Measuring Compliance - The Weakness in Your Carbide Saw

Jun 12, 2017

Compliance is defined as the measure of the ability of a mechanical system to respond to an applied vibrating force, expressed as the reciprocal of the system stiffness. In short, it measures the weakness of the system. In a carbide saw, the most critical component subject to torsional and lateral vibration of the saw blade, is the gearbox, commonly called the head. When the blade tooth first contacts the material, the reaction force 'winds up' the gear train. First the backlash is removed and then the additional loading will increase the torsional displacement. If there is any backlash in the feed mechanism, it will also act the same way as the power train backlash.

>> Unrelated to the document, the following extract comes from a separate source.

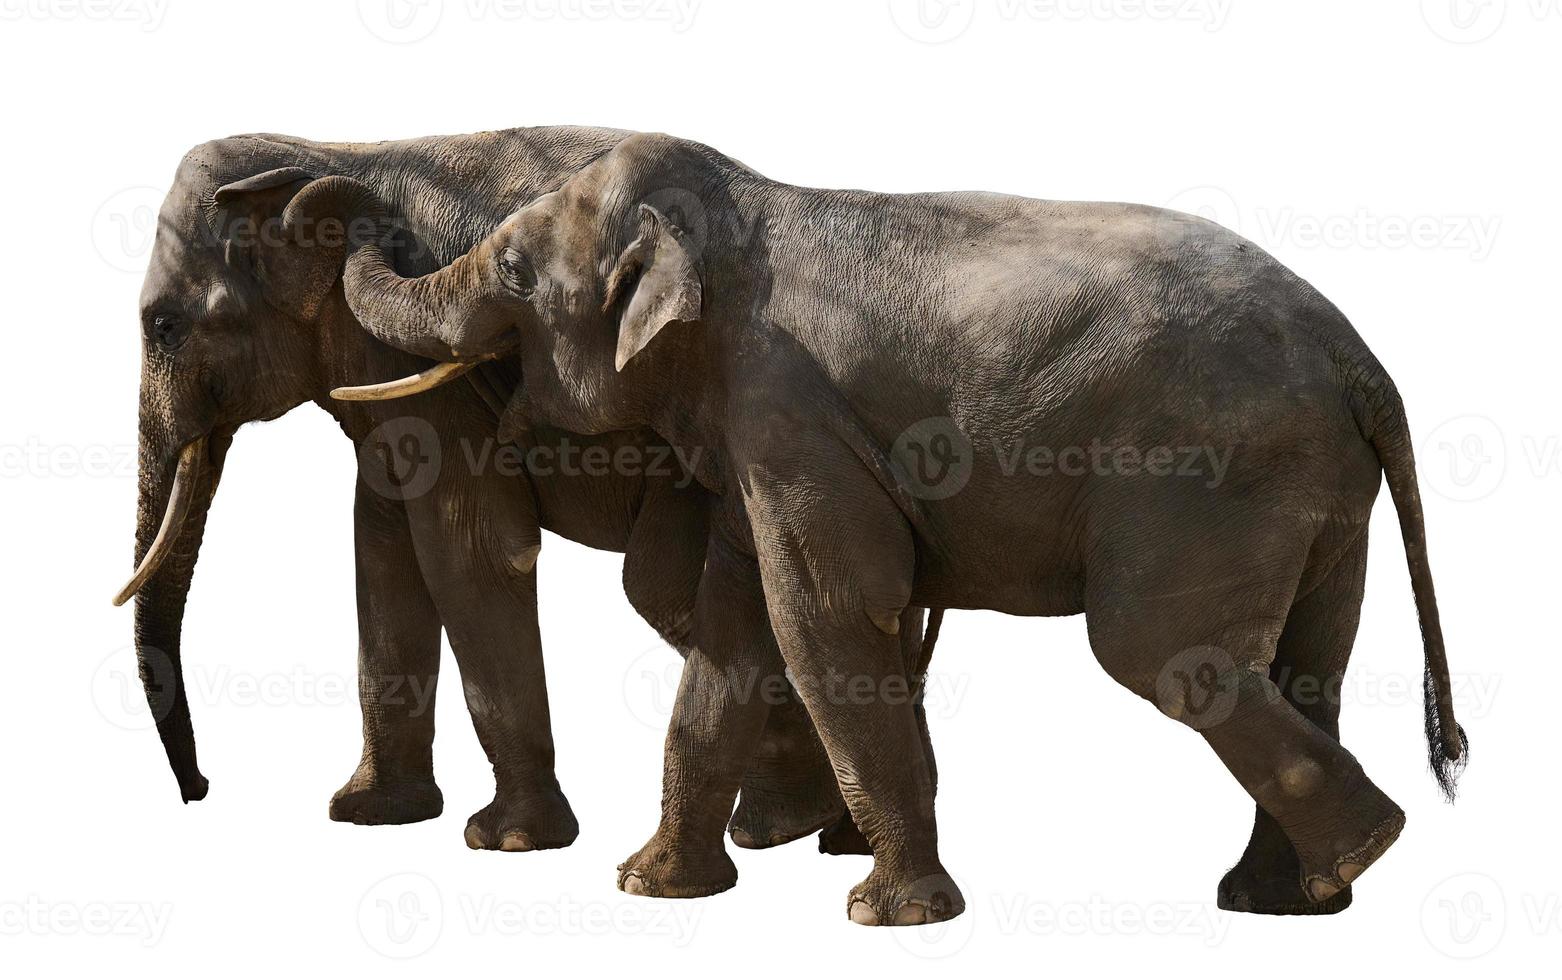 Two adult elephants walk next to each other, animals are isolated on a white background photo

The saw blade and its mounting shaft have relatively little inertia. During the time the backlash is being removed, the blade tooth momentarily pauses in its rotation while the motor continues at its full speed. When the backlash is eliminated, the blade comes up to speed almost instantly. The speed may momentarily be even higher if the compliance is high and the cutting tooth 'springs' forward. If this happens when the tooth exits the material, the backlash will open up again and the process repeats until some teeth will stay in the cut. This exciting frequency measured in Hz could become critical when its frequency matches a natural frequency to result in resonance. As more teeth are engaged, the torque of the gear train will increase but the fluctuating load is only caused by one tooth engaging and disengaging the cut. This fluctuation of the wind-up of the gear train is very damaging to the carbide teeth and reduces the tool life. 

Figure 1. Locked input schaft on the gearbox to prevent rotation

The compliance can be measured statically. In this case, we measured a head mounted on our AMSAW pivot saw. A rigid steel bar was clamped with a “c” clamp to the flanged bushing of the motor shaft. The steel bar at the toothed pulley was locked between (2) screws to prevent the pulley from turning. The dial indicator on the pulley measured any small movement Fig 1. On the blade side of the head a steel bar was locked between the tooth gullet and the blade lift hole, and a hydraulic cylinder was used to apply a gradual force to put a torque load on the gear train. The displacement value between a fixed point of the head and the tooth of the saw blade was measured with a dial indicator Fig. 2. 

Figure 2. Hydraulic cylinder applied tangential force on the blade
and the displacement was measured with a dial indicator

Figure3. Compliance Measurement

The torque calculated by the relationship:

T=F. r      where T: Torque (N.m), F: applied force (N) and r: Blade radius (m)

During the test a dial indicator was used and a linear displacement obtained. Since the arc length (S) is a very small value compared to the blade radius (r) it can be assumed that the linear displacement and arc length (S) is the same and the following equation can be used.

S=θ. r       where: S: Arc length (m), θ: Angular displacement (rad)

The backlash for the gearbox is designed with a range of 0.030˚ to 0.047˚. This is the total backlash of the gearbox reflected to the spindle. The backlash was 0.035˚ which is within the expected total backlash range.

The measured values are shown in the graph. The X axis expresses the gradual increase of the torque calculated by multiplying the forces obtained by increasing the hydraulic pressure in the cylinder with the radius of the blade where the force is applied. The Y axis shows the angular displacement of the carbide tooth on the blade, representing the actual wind up of the gear train (in degrees).

The slope of this line is the compliance and the stiffness is the reciprocal of this value. Any unevenness of such a graph would show a problem within the gear train. 

To make a sanity check the torsional compliance of the single transmission shafts was analyzed with FEA.  The compliance has been reflected to the blade spindle and compared to the measurement. 

Figure 4. Theoretical calculation of the gear train stiffness


Compliance data could also help solving problems in the field. If a head is acting up in the field or if the tool life suddenly drops, a compliance test can easily be conducted at the machine. The graph can be compared to the original graph and the irregularity will give indications of the problems. Every carbide saw has a certain compliance. This compliance must be held low, to obtain an acceptable tool life. However, decreasing compliance will increase the machine cost by making the machine stiffer. The secret is to find the golden balance resulting in the most cost efficient carbide saw.